Reputation: 2644
I have a dataframe like this:
animals = pd.DataFrame({'kind': ['cat', 'dog', 'cat', 'dog'],
'height': [9.1, 6.0, 9.5, 34.0],
'weight': [7.9, 7.5, 9.9, 198.0]})
I would like to groupby and apply some aggregation function several times. The number of times the function is run and parameters with which it will run should be dynamic (the output should depend on list of parameters).
Example:
Lets say i want to group by kind and calculate mean of height, mean of height + 1, and mean of height + 2, then i could run:
parameters = [0,1,2]
animals.groupby(['kind']).agg(
mean_height = ('height', lambda x: x.mean() + parameters[0]),
mean_height_plus_1 = ('height', lambda x: x.mean() + parameters[1]),
mean_height_plus_2 = ('height', lambda x: x.mean() + parameters[2]))
however, this requeires me to know in advance the length of the list of parameters.
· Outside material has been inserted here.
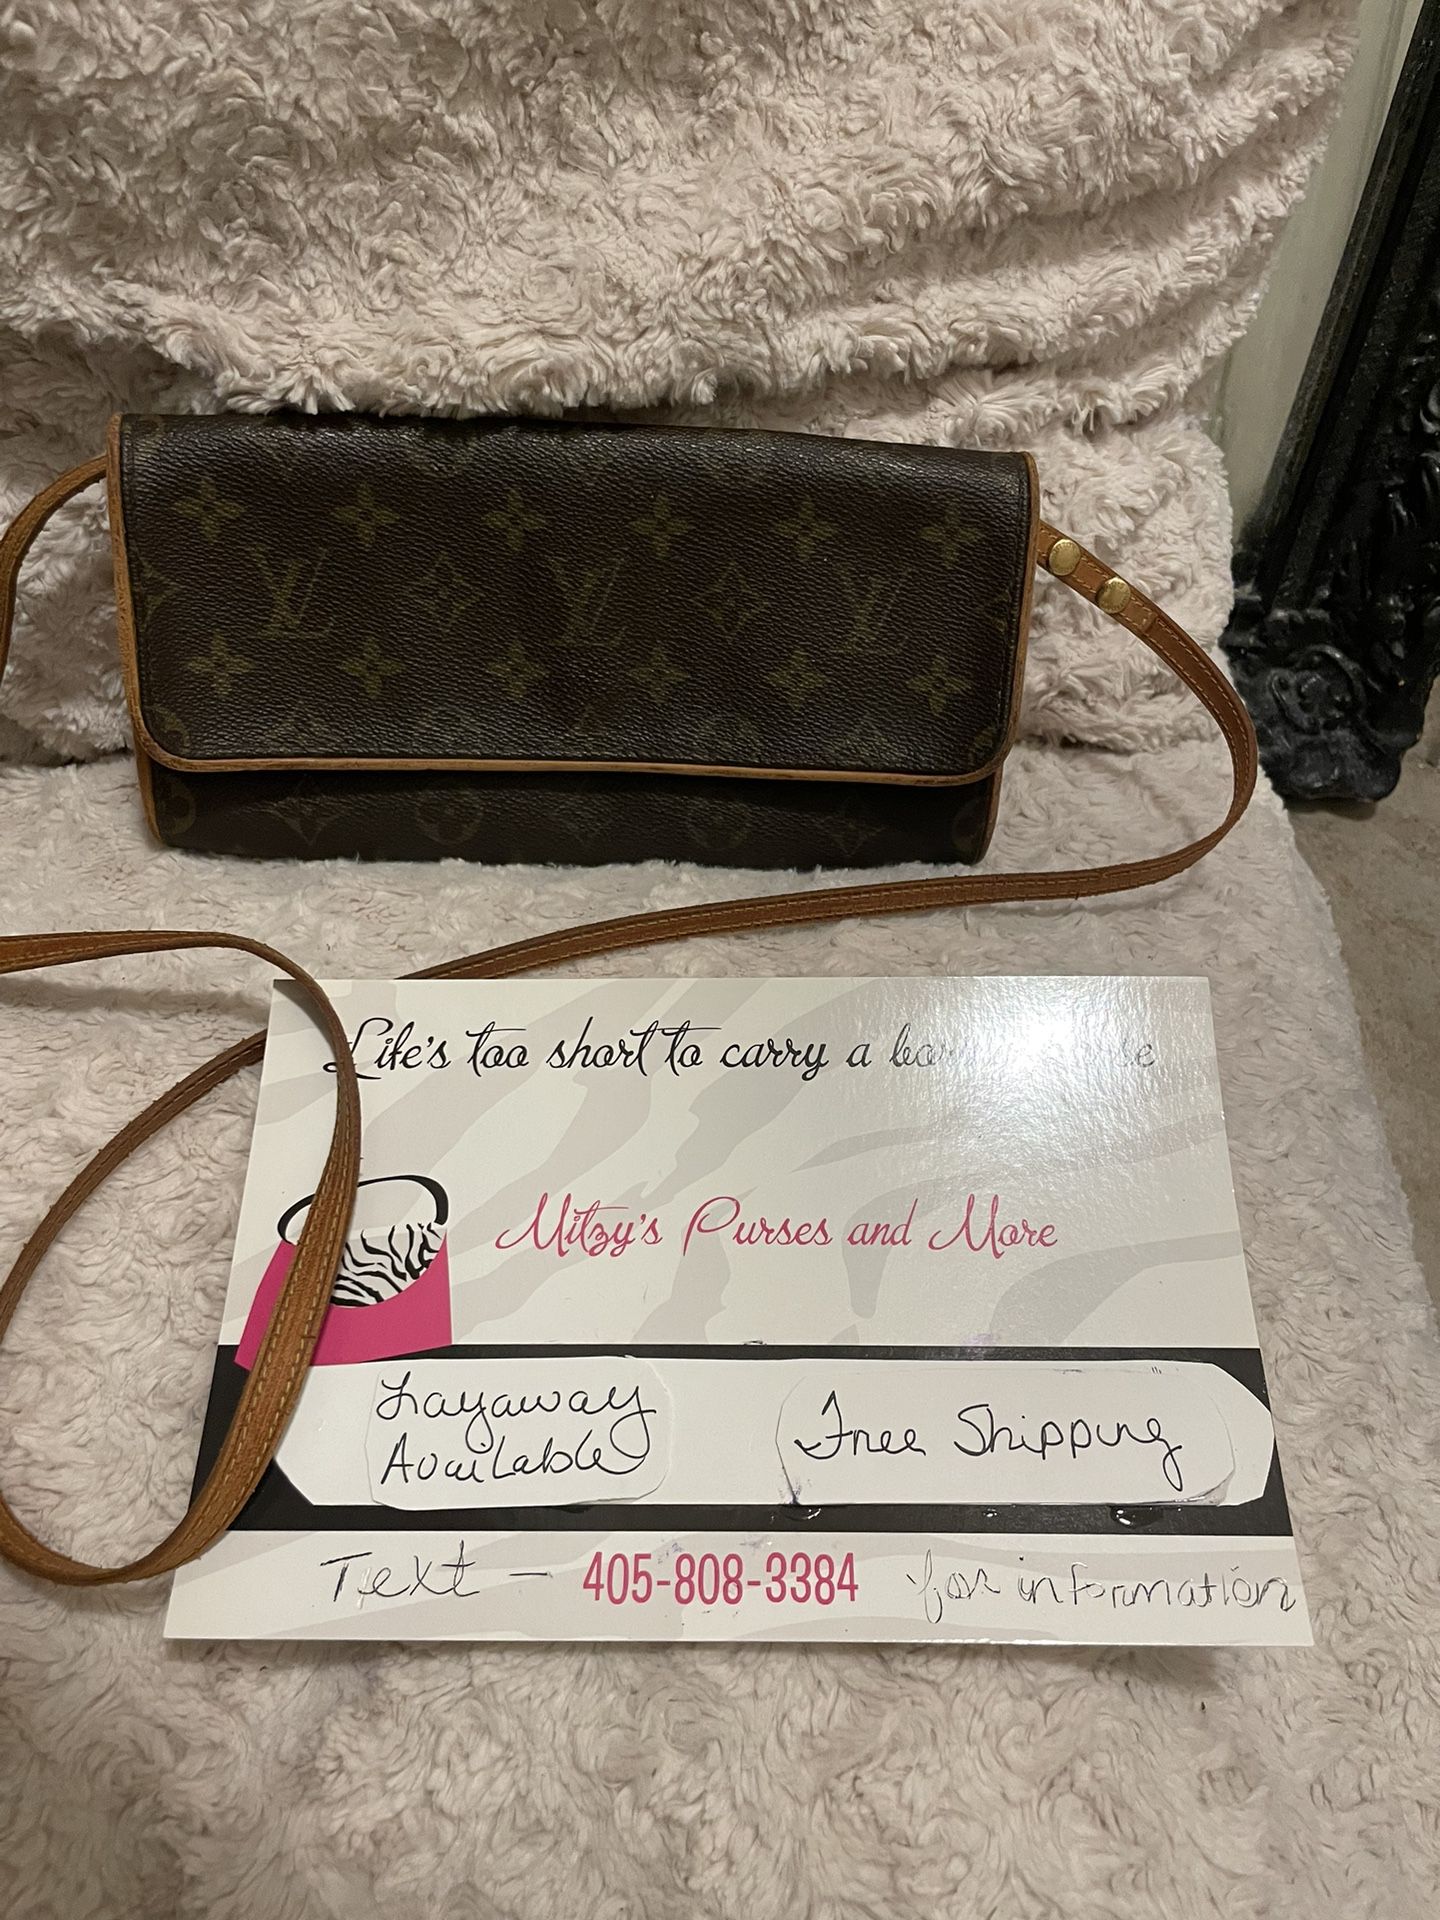 Authentic Louis Vuitton Crossbody, Clutch, Shoulder Bag Being Listed By Mitzys Purses And More

But i'd like to change my mind later and do the same for parameters = [0,1,2,359]
, without having to change manually the code to this:
animals.groupby(['kind']).agg(
mean_height = ('height', lambda x: x.mean() + parameters[0]),
mean_height_plus_1 = ('height', lambda x: x.mean() + parameters[1]),
mean_height_plus_2 = ('height', lambda x: x.mean() + parameters[2]),
mean_height_plus_359 = ('height', lambda x: x.mean() + parameters[3]))
Upvotes: 1
Views: 231
Reputation: 150785
You can, for example, define a function with params
and apply:
def get_mean(x, params):
return pd.Series(x.mean() + np.array(params),
index = [f'mean_plus_{i}' for i in params])
animals.groupby('kind').apply(get_mean, parameters)
Output:
kind
cat mean_plus_0 9.3
mean_plus_1 10.3
mean_plus_2 11.3
dog mean_plus_0 20.0
mean_plus_1 21.0
mean_plus_2 22.0
Name: height, dtype: float64
or you can do a for
loop:
groups = animals.groupby('kind')
ret_df = pd.DataFrame()
for i in parameters:
ret_df[f'mean_plus_{i}'] = groups['height'].mean() + i
Output:
mean_plus_0 mean_plus_1 mean_plus_2
kind
cat 9.3 10.3 11.3
dog 20.0 21.0 22.0
Upvotes: 1